To produce one of our half pound (227g) jars of honey, the bees will have visited around one million flowers and flown 25,000 miles. That’s equivalent to flying the circumference of our planet!
A hive of bees is called a colony.
There is only one queen in a colony and she can lay up to 2,000 eggs a day.
Worker bees and the queen are females. The colony determines when a new queen should be created by feeding selected female larvae with royal jelly.
Male bees are called drones. They don’t have a sting and don’t forage, clean or defend the hive. Their primary purpose is to mate with a virgin queen from another colony, an activity which, if accomplished, is fatal for the drone!
It takes 12 bees their collective lifetimes to make one spoonful of honey.
A worker bee may visit 2,000 flowers a day to collect nectar and pollen.
A worker bee flies at 15-20 mph when travelling to a food source and about 12 mph when returning laden with nectar, pollen, propolis (resin from tree buds) or water.
Research from Sussex University (The Laboratory of Apiculture and Social Insects – LASI) has shown that honey bees can fly up to 14km to highly rewarding patches of heather. However, an average distance would be less than a mile from the hive.
A bee colony can have up 60,000 bees in summer when there is plenty of nectar available, although this drops in winter to around 10,000, so there are fewer mouths to feed.

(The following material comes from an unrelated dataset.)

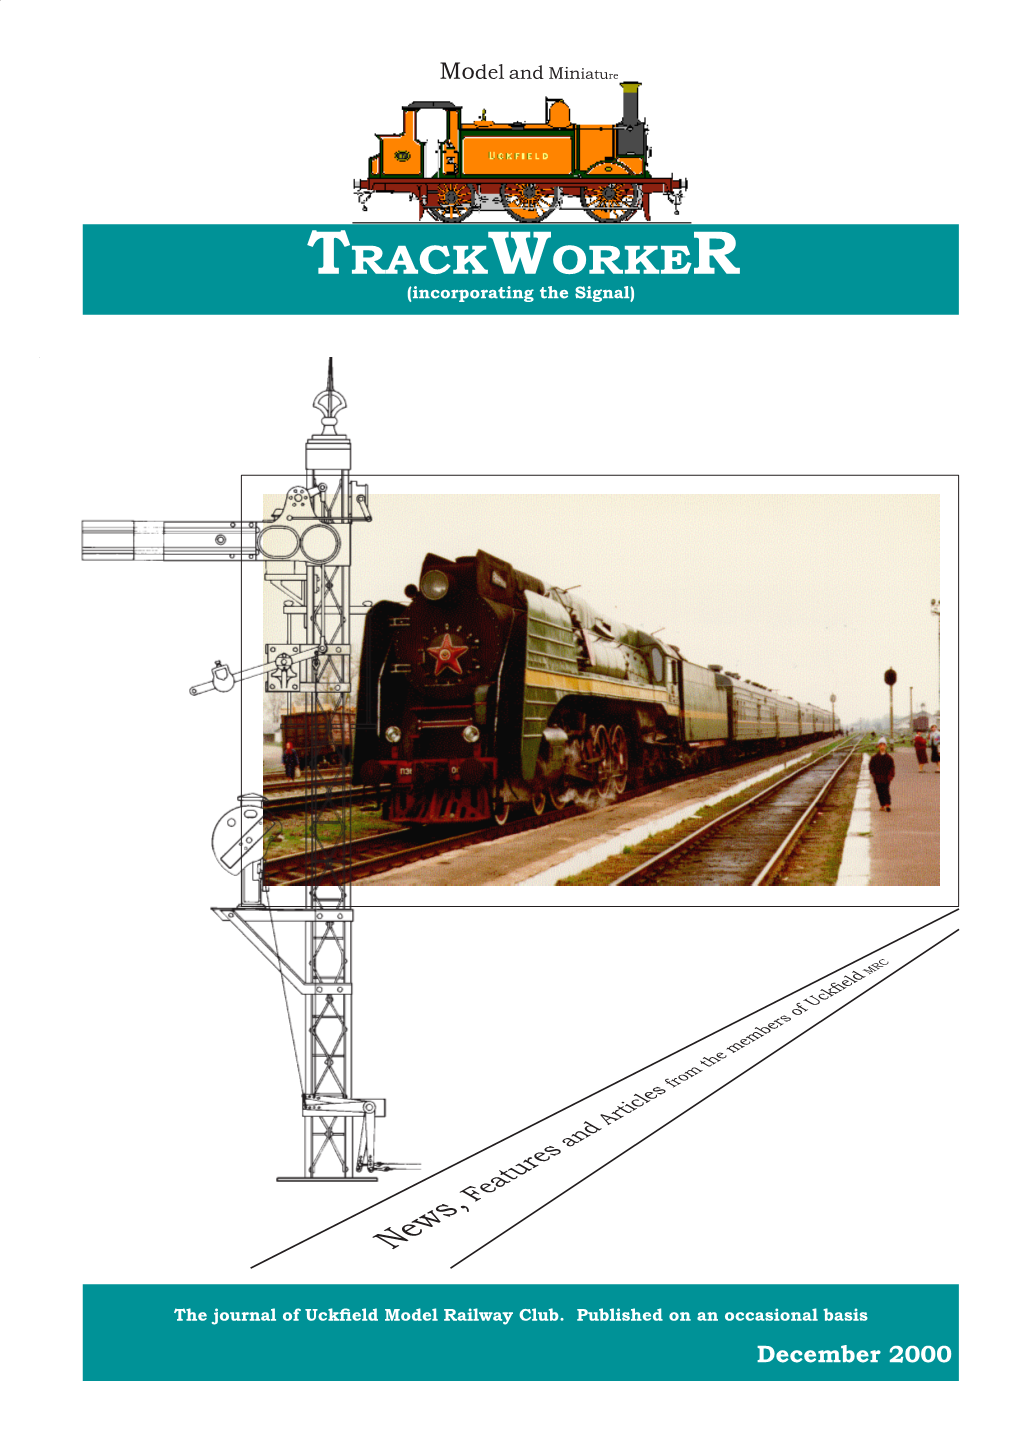 TRACKWORKER (Incorporating the Signal)

A queen will typically live for three to four years before being replaced by the bees, a process known as ‘supercedure’. An ageing queen will become less productive and may be replaced sooner by the beekeeper.
A worker bee will live for about six weeks in summer, when they are active and around six months in winter when they’re more likely to be confined to the hive.
Summer bees lifespan is shorter because their bodies wear out after approximately 800 km of flying, when they run out of glycogen used to power flight muscles.
Bees don’t hibernate but snuggle up (or ‘cluster’) when the temperature drops in winter, in order to preserve warmth. The reason bees produce and store honey is to provide a source of food when there are fewer flowers or they’re unable to leave the hive.
Bees communicate the location of a rich food source with each other using a special ‘waggle’ dance which indicates the direction of travel relative to the sun and approximate distance.
‘Swarming’ is the process by which a new honey bee colony is formed when the queen leaves with around 60% of the worker bees to find a new home, which could be in a hollow tree, a cave or building cavity. The remaining bees are left behind with a number of ‘queen cells’, containing developing virgin queens. Only one of these virgin queens will go on to hatch, mate and lead the original colony.
Beekeepers often mark queens with a small dot of paint to make them easier to spot. There are five colours used to indicate the year the queen was born. The age of the queen can then be easily assessed. For 2021, the colour is white!
There are believed to be more than 260,000 managed bee hives in the UK (National Bee Unit, 2020). This is a decline from the post WW2 peak of about 450,000 colonies.
The largest beekeeping operation in the world is based in the United States with around 80,000 colonies.